# Softbox vs Scrims



## Goldsmith (Jan 15, 2013)

By  trade I am a  jewelry designer and am working  on creating a line of floral jewelry in Silver  and high kt gold vermeil. I am doing this all on a shoestring budget and  consequently am finding it necessary to try and shoot my own photos. I have some really high polish reflective surfaces in my jewelry but at the same time, and in the same piece I have a matt to semi matt parts in 24 kt yellow gold vermeil

I am currently studying as much as possible on product photography and am trying to come up with the best set up to shoot my jewelry. I was wondering if anyone can guide me as to whether  I should try to get a soft box together or if making some scrims would be better, or both ? 

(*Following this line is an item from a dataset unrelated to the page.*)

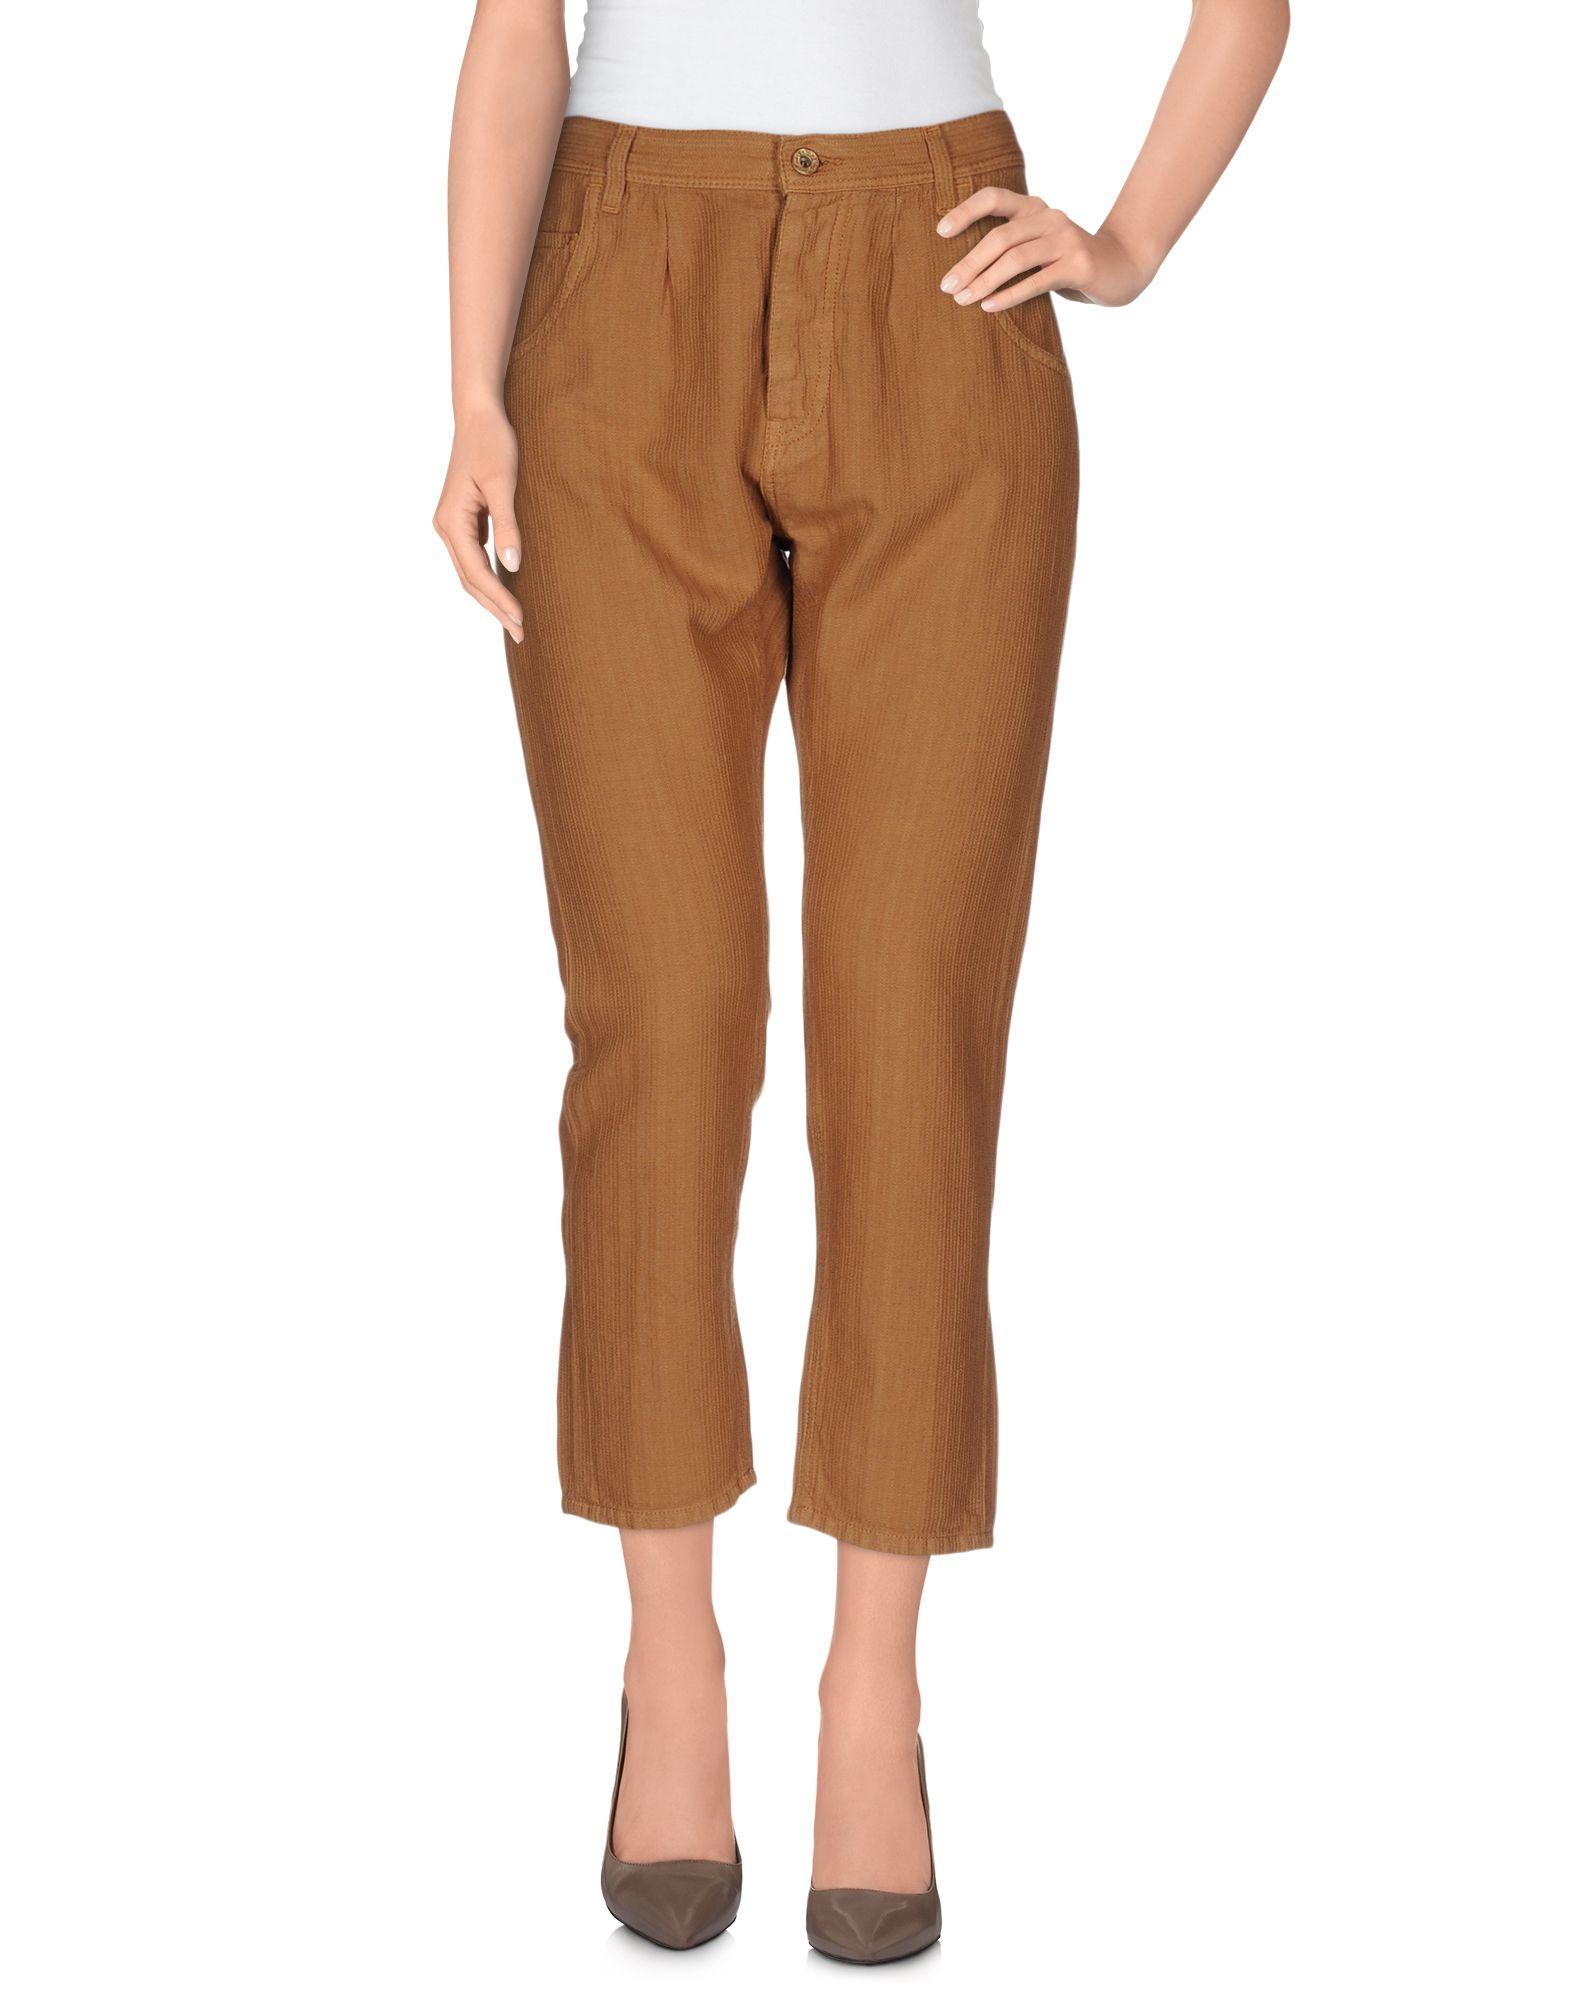 Brilliant Khaki Women39s Pants For Travel  Packable Women39s Adventure Khaki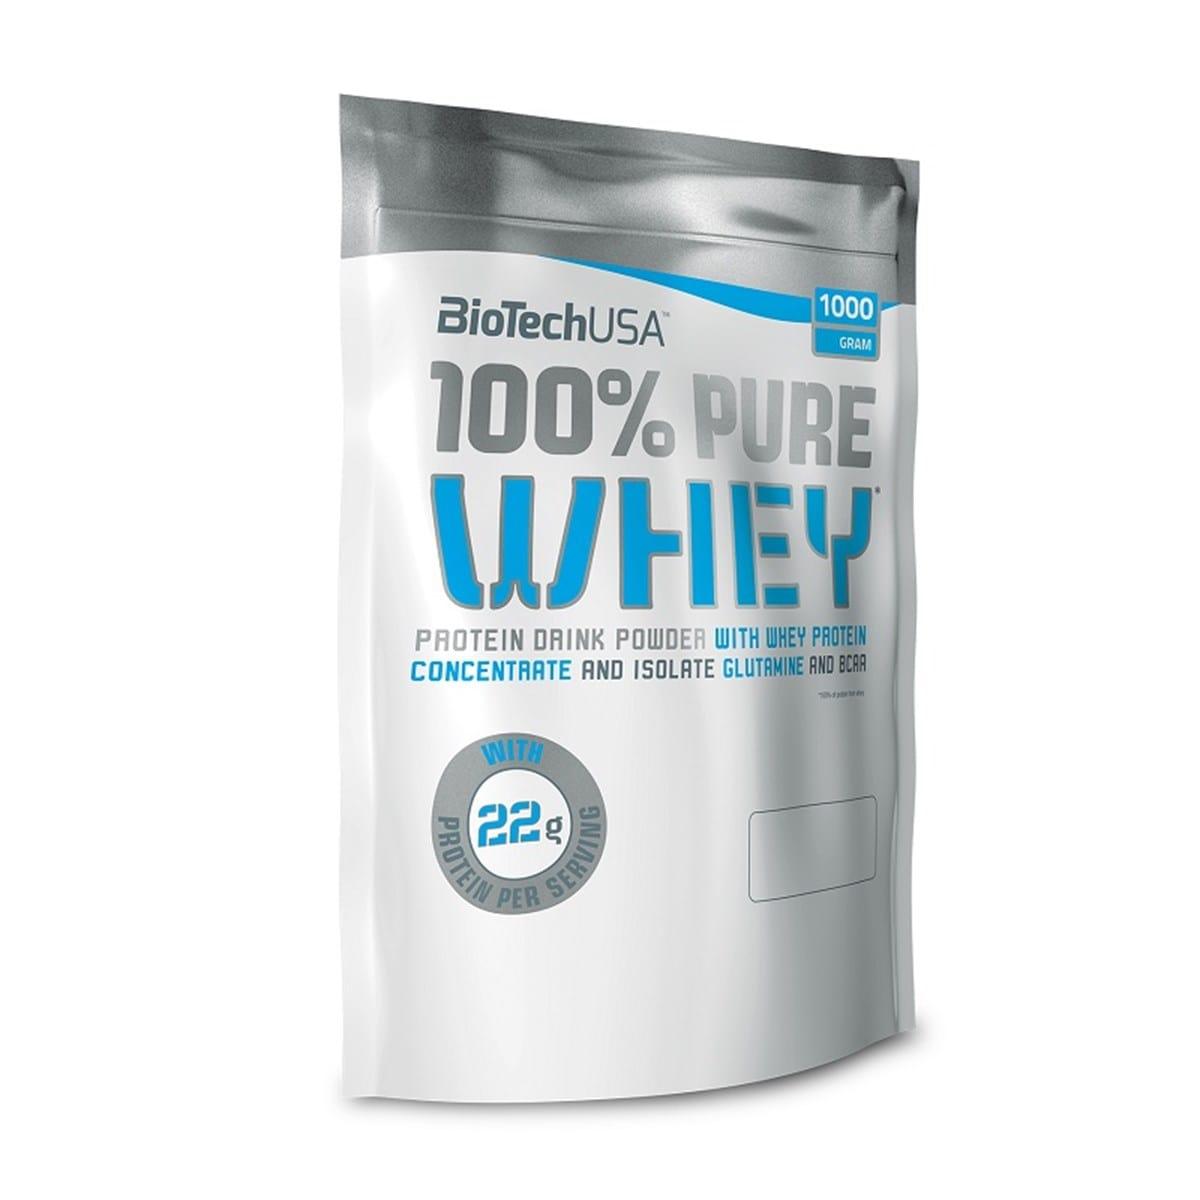 100% Pure Whey, Strawberry - 1000g versandkostenfrei/portofrei bestellen/kaufen

Also I am trying to shoot everything so as to have a white background but am finding the silver bands in my work are disappearing into the white background and require loads of Photoshop work to get anything usable
My camera is a Canon t4i with a good 100 mm macro lens

Any help would be greatly appreciated


----------



## nycphotography (Jan 15, 2013)

Jewelry is small.  a softbox for a speedlight might be more than adequate, and they start $30.  Add in a light stand and speedlight bracket for another $40 and you're all set.  Or you can get a complete "speedlight softbox kit" (everything BUT the speedlight) for $100-$130ish.

Also the product globes / photo boxes / flash tents could also be a great answer when used with a speedlight being bounced off the ceiling or an overhead sheet of foamcore.

Interfit 24" Pop Up Photo Box INT315 B&H Photo Video


----------